Reputation: 201
I am initializing an accumulator
final Accumulator<Integer> accum = sc.accumulator(0);
And then while in map function , I'm trying to increment the accumulator , then using the accumulator value in setting a variable.
JavaRDD<UserSetGet> UserProfileRDD1 = temp.map(new Function<String, UserSetGet>() {
@Override
public UserSetGet call(String arg0) throws Exception {
UserSetGet usg = new UserSetGet();
accum.add(1);
usg.setPid(accum.value().toString();
}
});
But Im getting the following error.
16/03/14 09:12:58 ERROR executor.Executor: Exception in task 0.0 in stage 2.0 (TID 2) java.lang.UnsupportedOperationException: Can't read accumulator value in task
EDITED - As per the answer from Avihoo Mamka, getting accumulator value in tasks is not possible.
So is there anyway I can achieve the same in parallel. Such that the Pid value gets set each time a variable(eg like static variable) is incremented in my map function.
Upvotes: 2
Views: 4138
Reputation: 4786
From the Spark docs
Accumulators are variables that are only “added” to through an associative operation and can therefore be efficiently supported in parallel.

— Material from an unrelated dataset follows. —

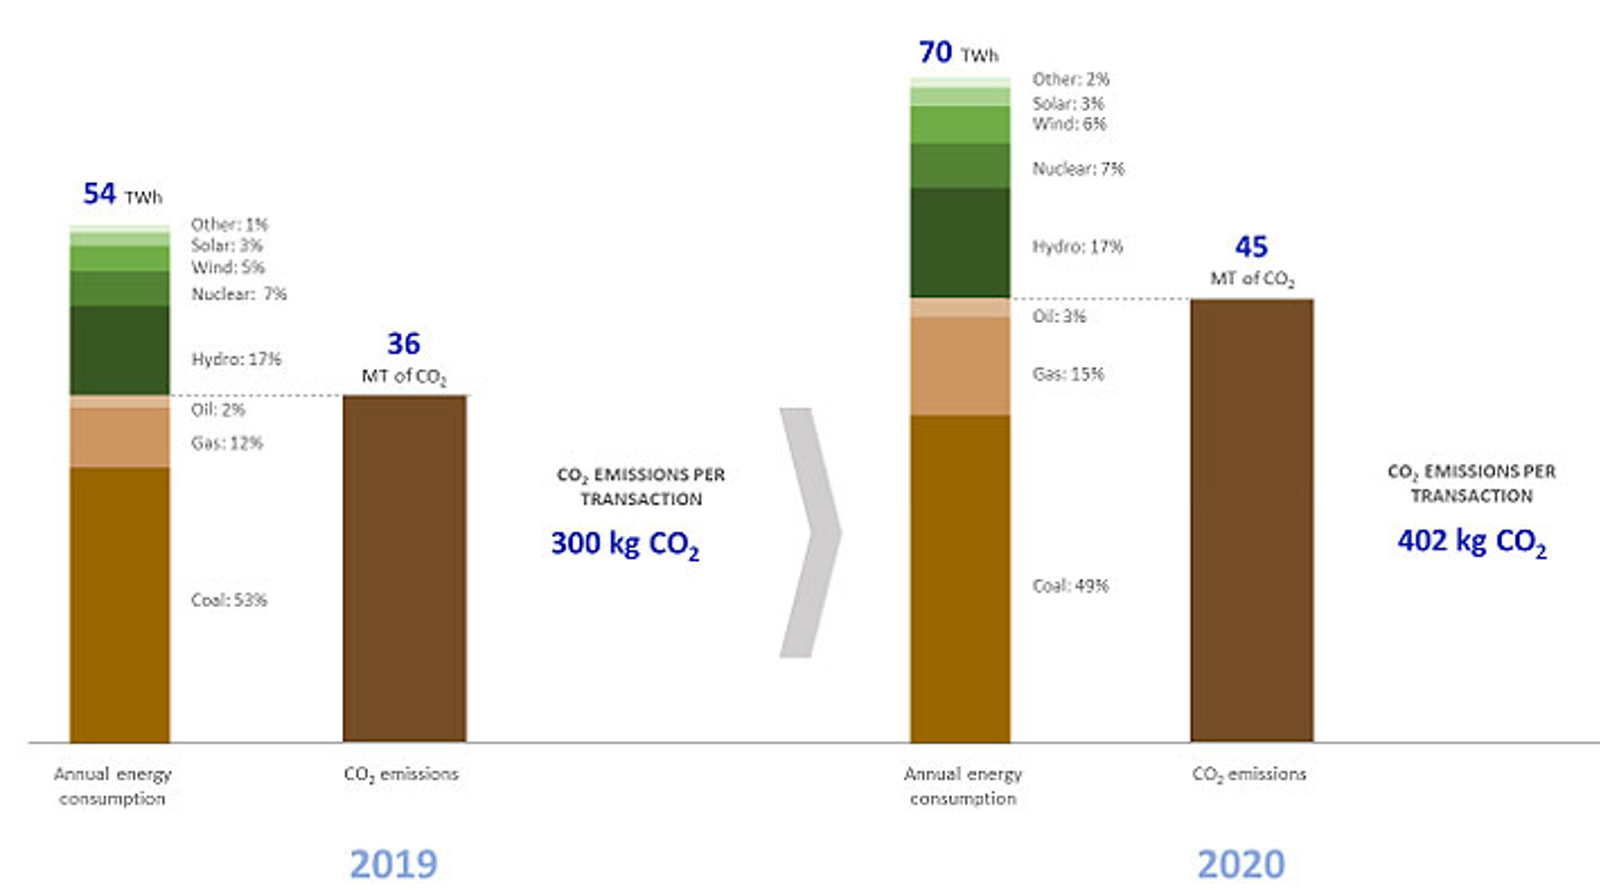 Bitcoin network carbon footprint 2019-2020, energy consumption by source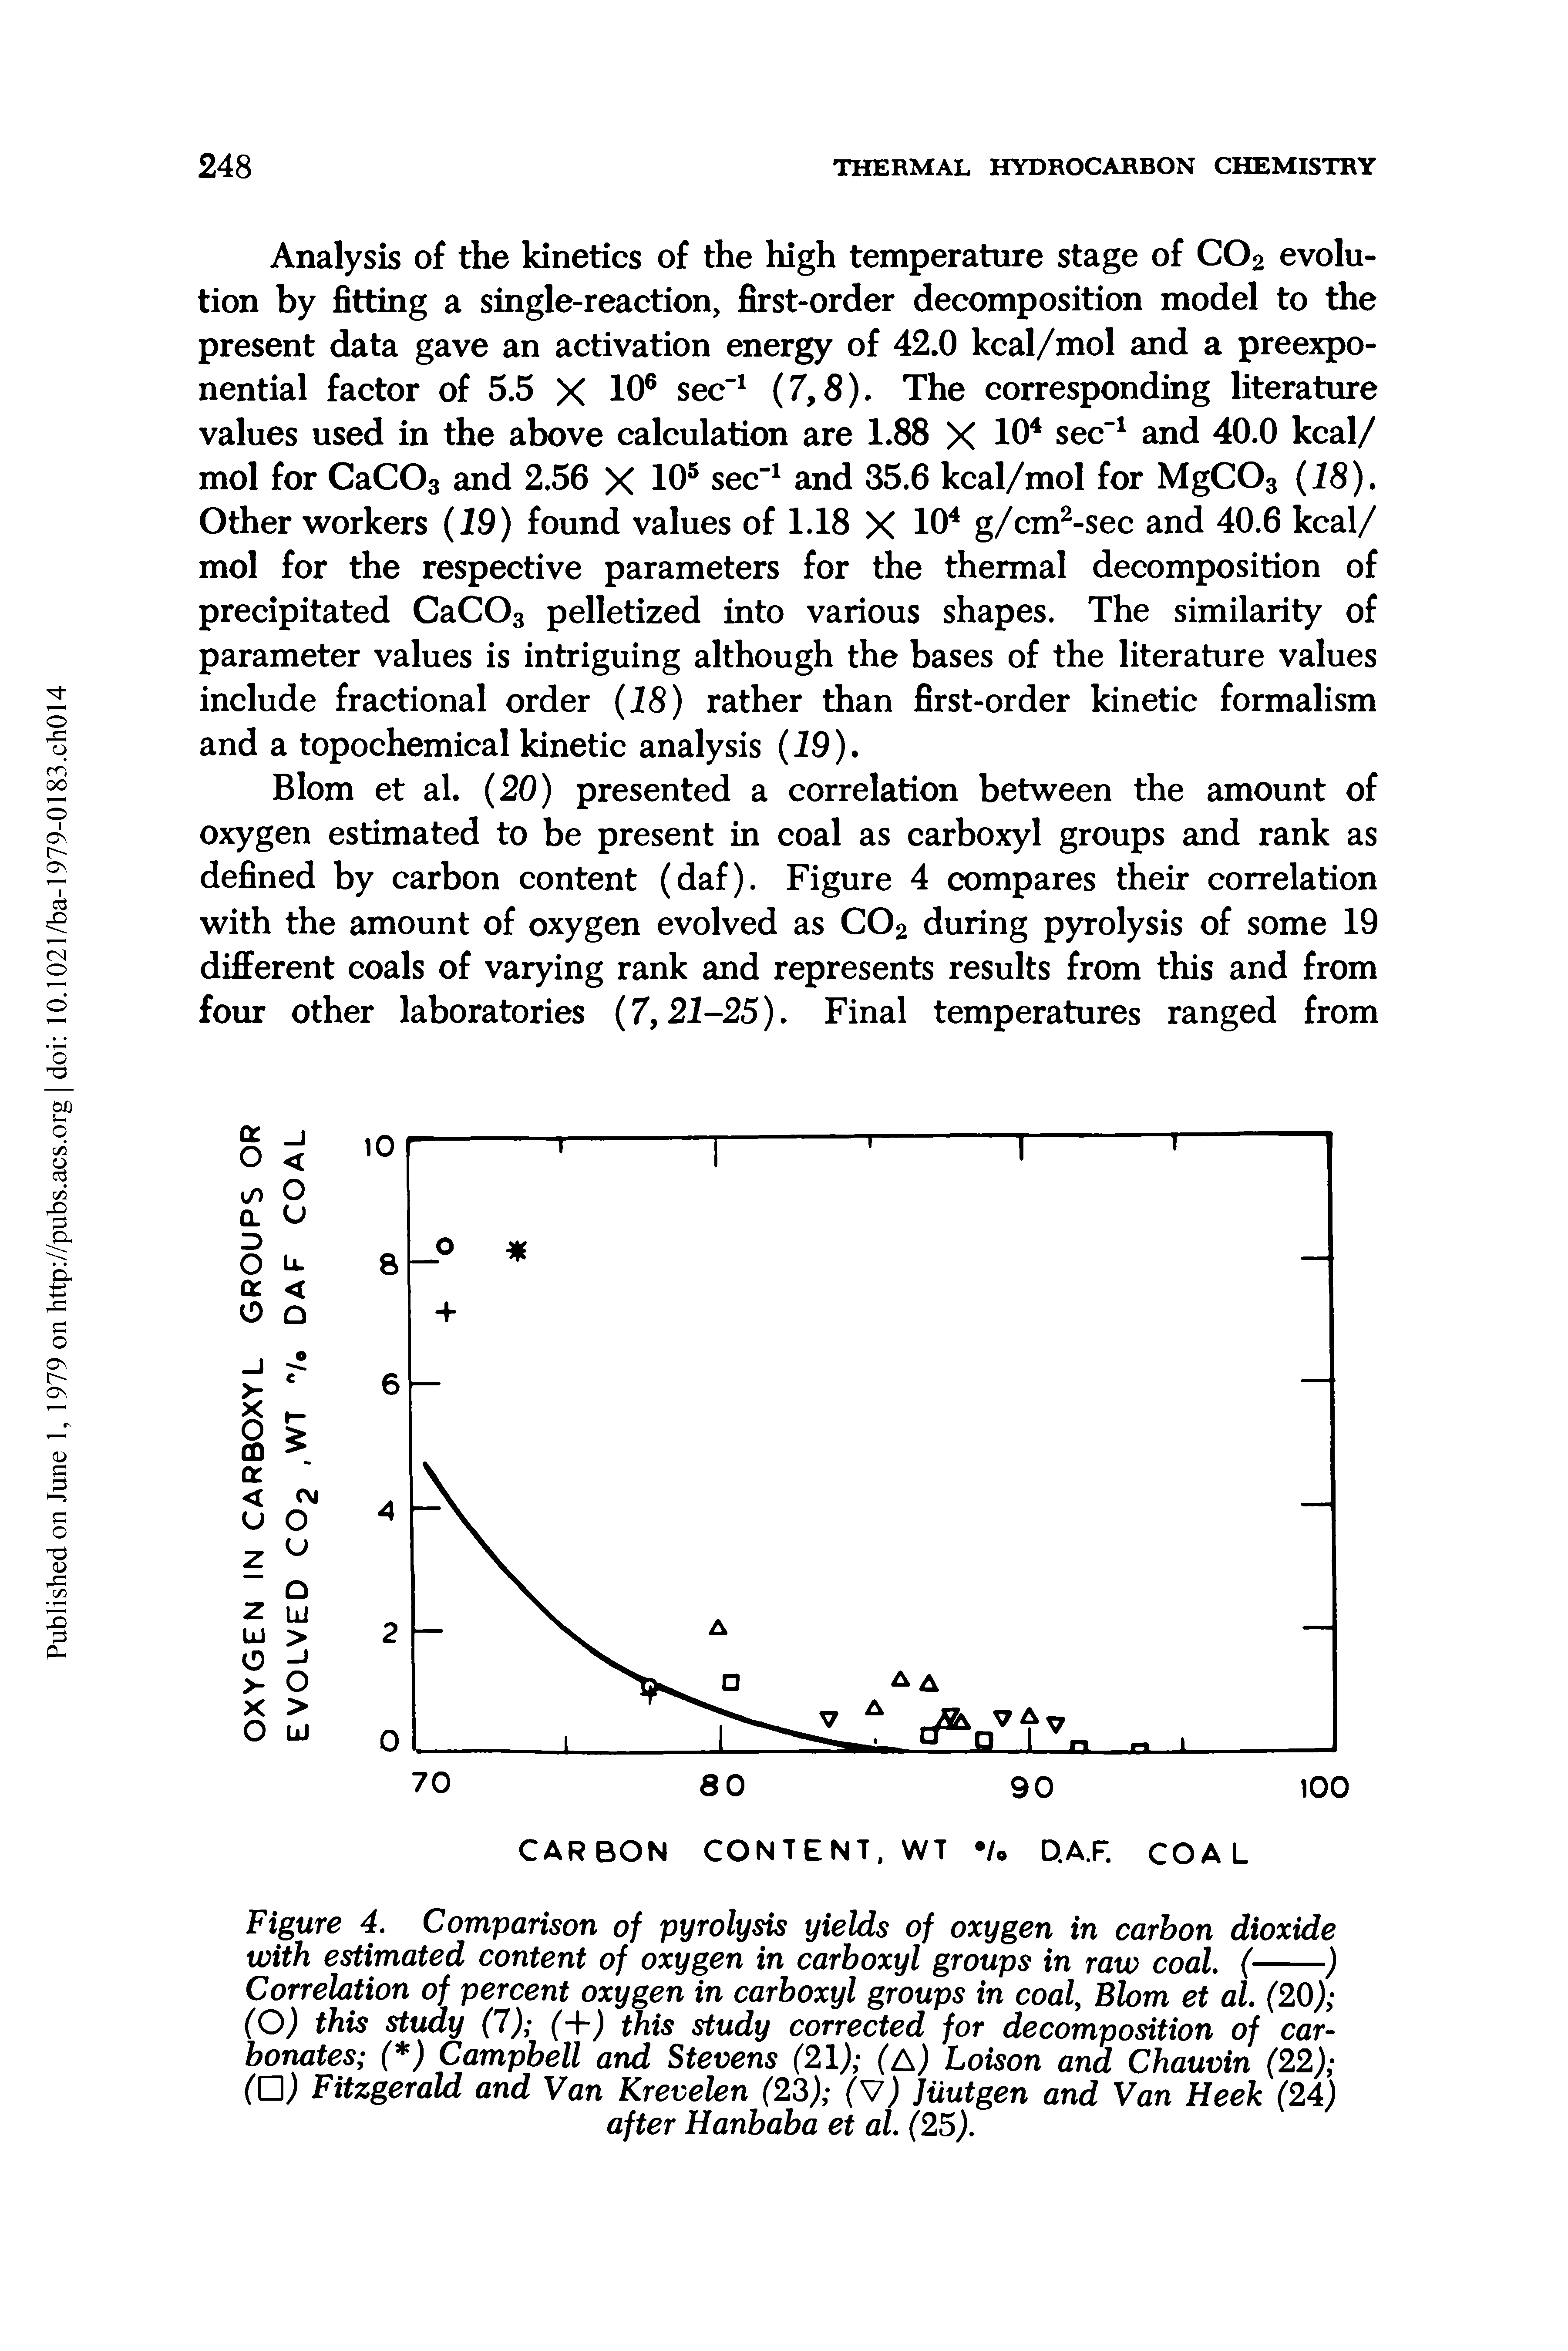 Figure 4. Comparison of pyrolysis yields of oxygen in carbon dioxide...

They can be used to implement counters (as in MapReduce) or sums
...
Only the driver program can read the accumulator’s value, using its
value
method.
Therefore, when trying to read the accumulator's value from within a task in Spark, means that you try to read its value from a worker, which is against the concept of reading the accumulator value only from the driver.
Upvotes: 6